Hey, guys! The next chapter of Greenhaven Academy will be out soon. For now, enjoy this short I wrote for a vocab assignment in eighth grade - I don't even know why I still have this - featuring some of my O.C.s from my other story (which I will rewrite and finish once Greenhaven Academy is done), Stuck in the Middle.


I slouched in my chair, bored out of my mind as my social studies teacher talked about the Constitutional Convention.
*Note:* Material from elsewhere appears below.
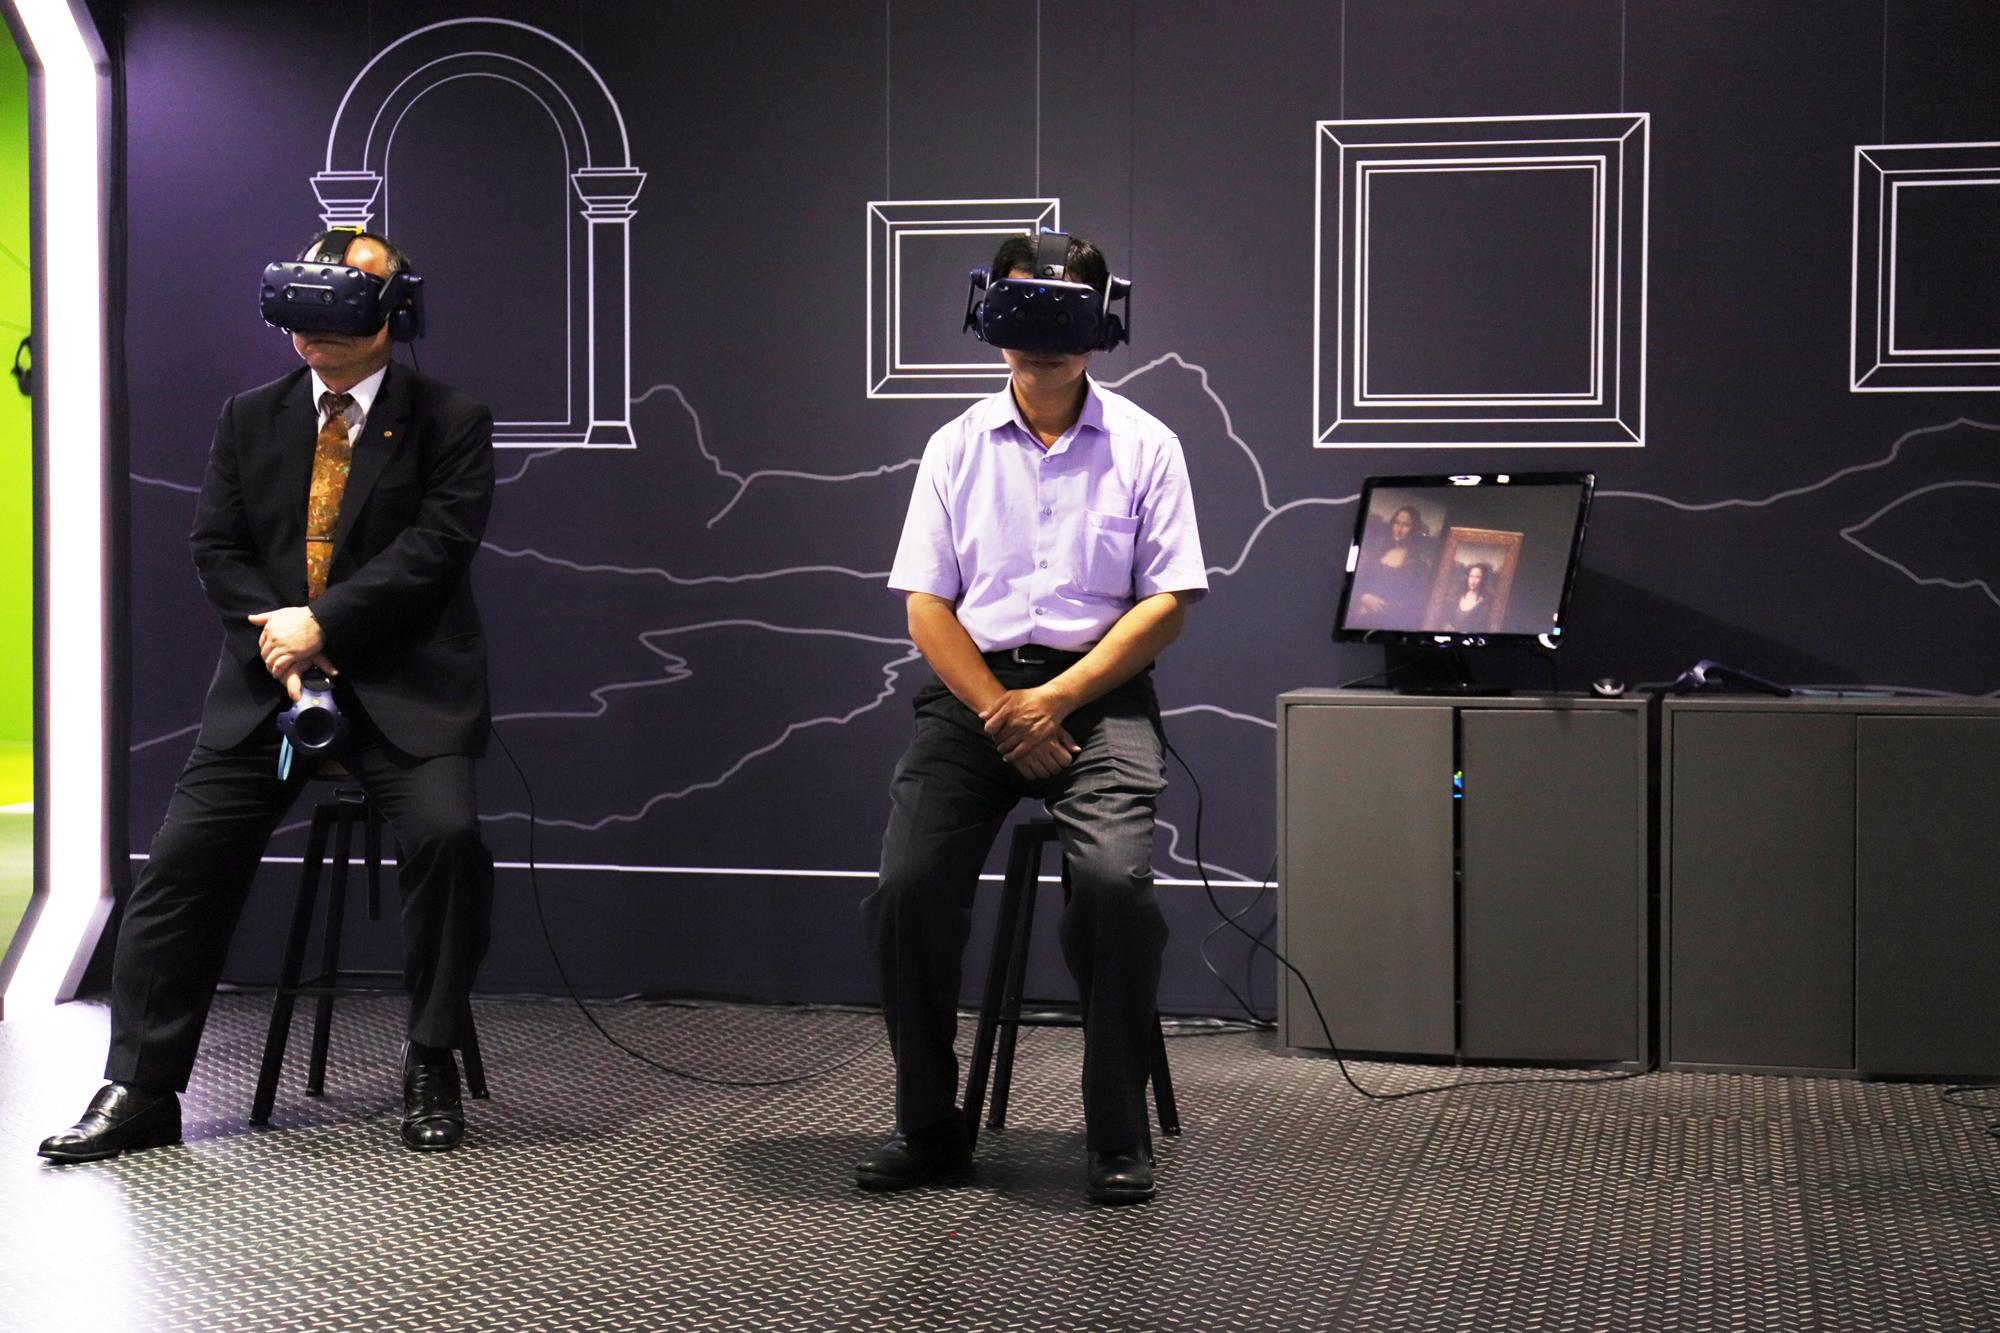 HTC新聞稿(左起高雄市政府秘書長陳鴻益、經濟部工業局顏鳳旗副組長體驗蒙娜麗莎越界視野VR體驗)

"…Came up with the Virginia Plan…" When I heard the word "Virginia", I thought of a friend from camp who lives in Virginia. That reminded me of Carolina, the girl who liked to annoy him, nonchalantly call him Lindsay Lohan, which really got him mad. The words "Lindsay Lohan" reminded me that the 10th anniversary of Mean Girls was the previous week, and that it was Wednesday. I then realized that I was wearing pink. It also reminded me that my gay best friend was probably sassing his way through class right now, not even caring about everyone else. The word caring brought me back to reality, as I saw my teacher glaring at me.

Whoops.

I am the least scatterbrained individual I know, I thought sarcastically.

BRRRRINNNG. The annoyingly bell rang loud enough for me to swear that it was in my ear.

"Hey, Liz!" I heard my friend, Jane, yell.

"Hey, girl! What's up?" I asked, the way that most "normal" (The correct word is actually "annoying".) people do.

"Math is so boring. I don't understand any of it!"

"A journey of a thousand miles must begin with a single step," I sagely responded.

"What?" my confused best friend asked.

"Do your homework, then study. Take it one step at a time so you don't fail."

How do I do that?"

"Well, first you actually take your math binder out of your backpack." I know that she doesn't do any of her homework. She thinks none of us know, but we all know.

"Ok, but-"

"I'll help you study." I offered.

"But I don't want to." She whined.

I knew what I had to do.

"I'll bring candy."

"DEAL!"


The camp thing is actually true. That kid was like freaking Hawkeye, I swear. She would call him Lindsey Lohan just to upset him, so on her last day, he dumped an ice pop on her head.